Жизнь осторожно трогают кончиками пальцев, чтобы не обжечься или не заледенеть, иначе кожа слезет чулком, обнажив тело до мяса, как при синдроме Лайелла. Ее оглаживают ладонями, чтобы обойти острые углы и не порезаться – травмпунктов жизнью не предусмотрено. Жизнь подбрасывают вверх или швыряют вниз, проверяя на прочность; для этого нужен опыт, чтобы избежать ушиба сердца и переломов. У жизни есть запах, цвет, звук и вкус; они могут обольстить и обмануть пять органов чувств, заведя в тупик, из которого выхода нет. Повезло тем, у кого развит инстинкт самосохранения, – они доживают до глубокой старости, ни о чем не сожалея и ничего не ведая.
На школьные каникулы, зимние или летние, меня отправляли к родителям мамы. Дед меня любил, бабушка – нет. Она не любила мою мать, потому не любила и меня. Она едва терпела мужа, исполняя супружеский долг, и родила маму в сорок лет. Мама была нежеланным ребенком. Если бы аборты были в то время разрешены, бабушка бы его сделала. Она всегда так говорила. В ее семье не было принято праздновать дни рождения, потому что мужу и дочери не следовало рождаться. В ее семье не отмечали праздники оттого, что жизнь – не праздник, а тяжелая, безрадостная ноша.
Дед был известным инженером, по его проектам в городе маминого детства построено много зданий. Он всегда хорошо зарабатывал, но его доходами распоряжалась бабушка; потому мама занимала у подружки чулки на выпускной вечер, а дед отдавал в прачечную свои вещи и читал лекции студентам в неглаженых рубашках.

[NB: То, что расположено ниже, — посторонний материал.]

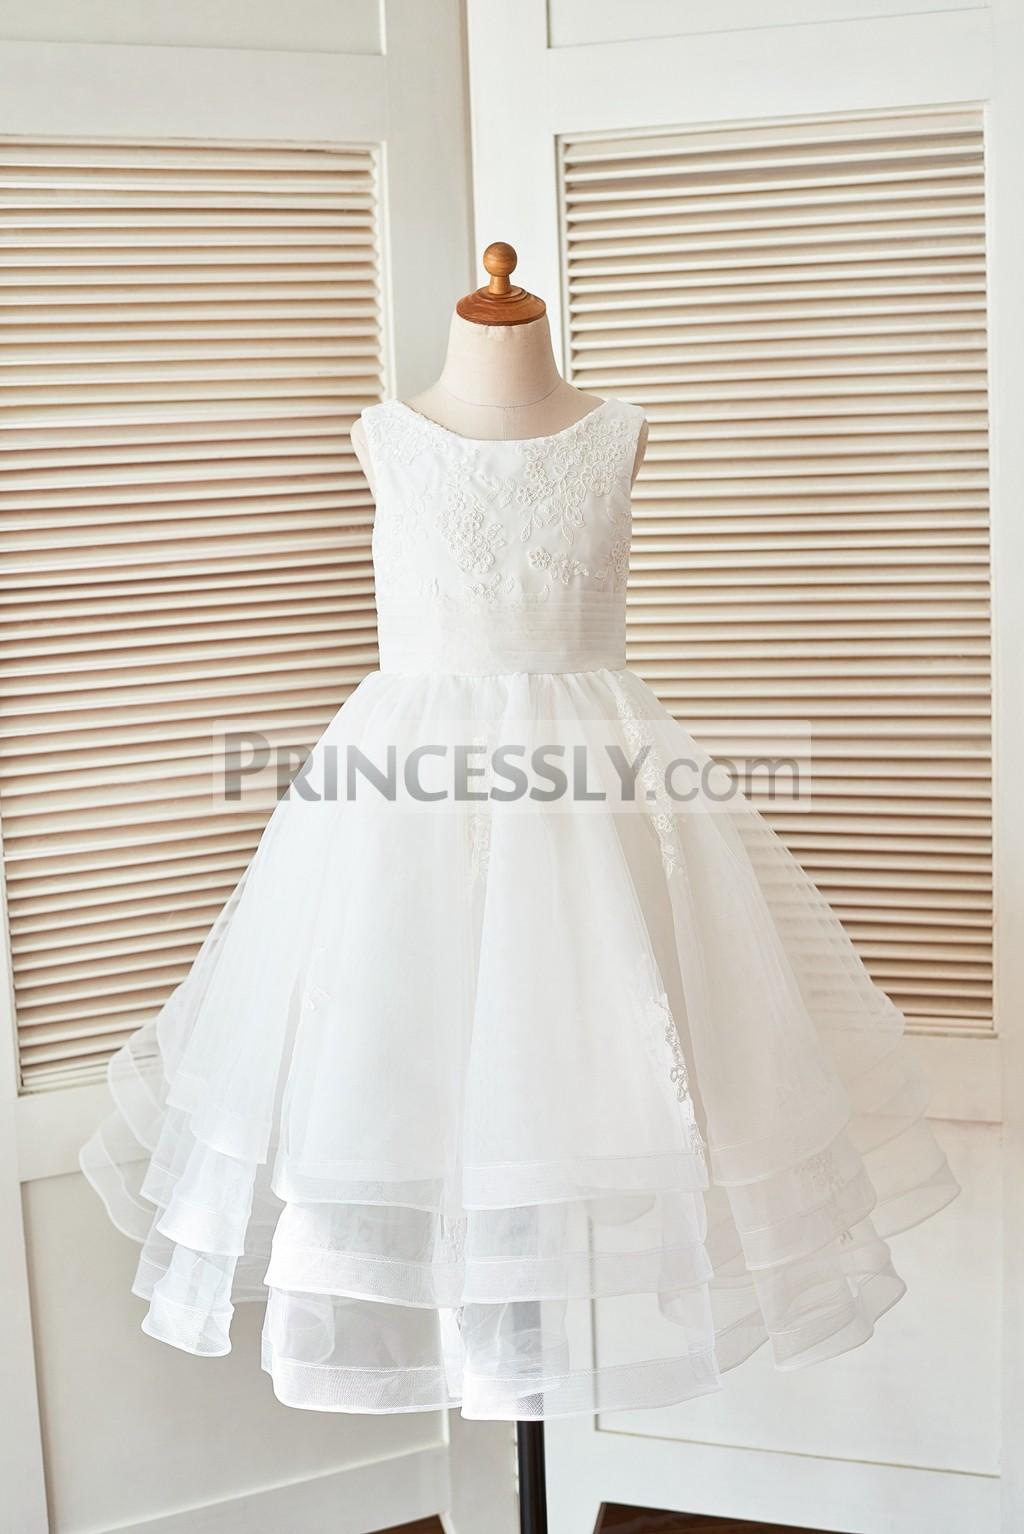 Princessly.com-K1003403 Cupcake Ivory Lace Tulle Wedding Flower Girl Dress with Horse Hair Tulle Hem-31

Бабка едва терпела людей, раздражаясь их неизбежной необходимостью. Мамин двоюродный брат помнит, как во время войны бабка брала его за руку и уводила из дома. Они бродили по улицам до глубокой ночи, чтобы не подселили эвакуированных. Маме до сих пор стыдно за это.
Мама вышла замуж на первом курсе и уехала с моим отцом в другой город.
– С глаз долой, из сердца вон, – сказала бабка. – Детей не рожай. Пожалеешь.
Мама была счастлива – она вырвалась на волю и перед ней открылась другая жизнь. Мои родители – минералоги, специалисты по редким камням. Они объездили самые красивые, самые отдаленные и безлюдные места. В городе родители жили в коммуналке, в полевых условиях – в палатках и фанерных времянках. Мама очень хотела ребенка, но у него должно было быть другое детство, счастливое и праздничное, не омраченное даже бытом, – совсем не такое, как у нее. Потому родители ждали отдельную, благоустроенную квартиру, а мама делала аборты. Потом она долго не могла забеременеть и родила меня в двадцать семь лет, хотя и не так поздно, как бабка. Я единственный ребенок в семье, долгожданный, желанный и любимый.
Когда я приезжала на каникулы, то жила в комнате деда. Он работал ночами, и я привыкла засыпать при свете. Дед научил меня любить книги. У него была огромная библиотека и аллергия на книжную пыль. Он возвращался из университета, и мы уходили гулять по городу, по старым улочкам, тихим скверам, мощенным разбитым булыжником площадям. Мы с дедом смотрели в чужие окна вросших в землю старых домов. Подглядывали за чужим бытием, и нам не было стыдно. Наверное, дед делал это потому, что тосковал по другой жизни. В чужих окнах чужие, незнакомые нам люди всегда были вместе; мне помнятся не лица, а их выражение, всегда спокойное, даже умиротворенное. Потом мы заходили в нашу любимую пышечную. Запах моего детства – это запах мороза, печного дыма и свежеиспеченных пышек. Бабка ревновала нас к нашим прогулкам, а может, она нас боялась – ведь мы с дедом были сообщниками, у нас были общие, неведомые ей секреты. Она всегда запирала свою комнату на ключ и каждую ночь ложилась спать с деревянной доской, в которую были забиты гвозди, их острия торчали наружу. Так было нужно, чтобы дед не мог ее ночью убить; она всегда была наготове, чтобы сражаться за жизнь.